Most veiled chams are really mean especially the one i had but they have the easiest care requirements like the panthers. The chameleons i like the most was the jacksons , the ones with the 3 horns on their heads and their requirement isnt really that hard u just gotta have a higher humidity for them but they have a real kool personality :p

----------

_ahunt037_ (06-14-2011)

----------


## DC Reptiles

I've had a few differnt Cham. and I have to say, I had an easier time with my veilds. My females where always nice unless gravid, my males thats a different story. I think either panther or veild would be a good choice, just try not to bother to much, they are more a look but dont touch pet.

----------

_ahunt037_ (06-14-2011)

----------


## ahunt037

thanks all ya the look but dont touch will be extremely difficult for me im gonna wanna play with them lol which one do yall find has really pretty colors out of the panthers?

----------


## ahunt037

Well I finally went and got my self a cham got him from tiki reptiles at the phx reptile EXPO this past weekend he is a 2 month old nosy be panther and he is awesome thanks for ur help ill post up some pictures later tonight then some better ones in a week or two once he has fully settled in thanks again

----------


## mainbutter

Go spend some time on a few chameleon forums.  When my gf wanted to get a panther cham, that was the best source of information for her.

Panthers aren't hard to take care of, but they do have higher time requirements and are a bit pricier in husbandry costs when compared to most snakes.  I highly recommend investing in a timed spraying system such as a mistking to keep any chams well hydrated.

----------

_ahunt037_ (11-21-2011)

----------


## perfectpythons

I own and breed jacksons and there the best. They just chill on your hand. Just put a heat lamp and a automatic mister in a screen cage and your set. I also cage there diet up every two days with lively animals such as roaches, grasshoppers and crickets. Also use mealworms, hornworms, and mine LOVE silkworms. Good luck  :Wink:

----------


## CaitJaye

My first Cham was a Senegal. Their smaller then panthers and veileds by far, about palm length excluding the tail. But mine was super friendly and it took a lot to stress her out. Plus they get some real nice color patterns.
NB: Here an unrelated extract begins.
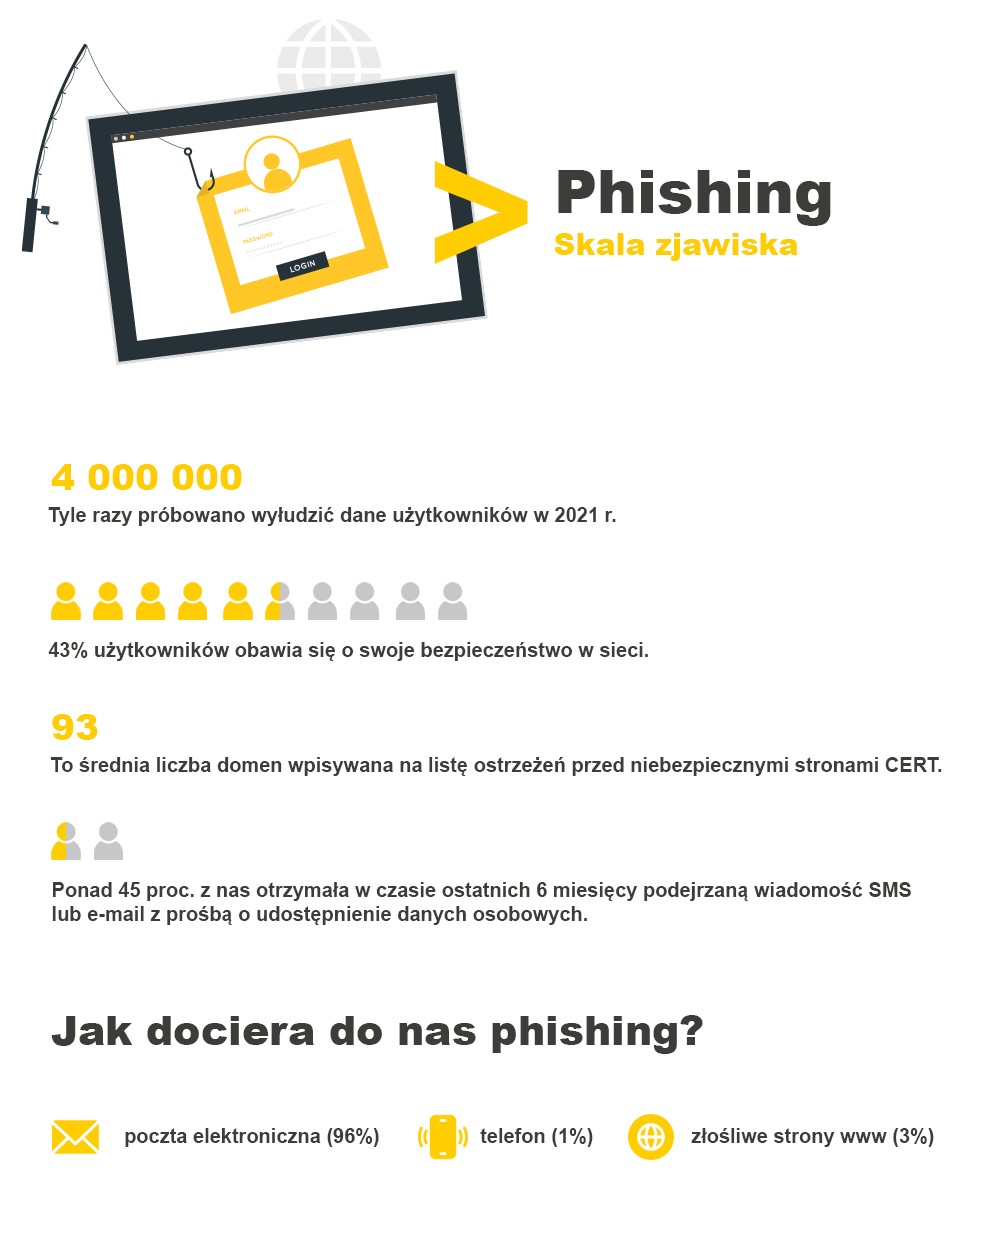 phishing skala zjawiska 2

They are pretty cheap, only about 50 bucks, and are great with hand feeding. I would always recommend one if you wanna start out small.

----------


## SoCal Pythons

Personally, since i breed veileds and panthers i would say that veileds are the best to start out with. But, if you are willing to spend money i would definitely get a panther! They both require the same treatment or attention and they are so addictive once you get one!

----------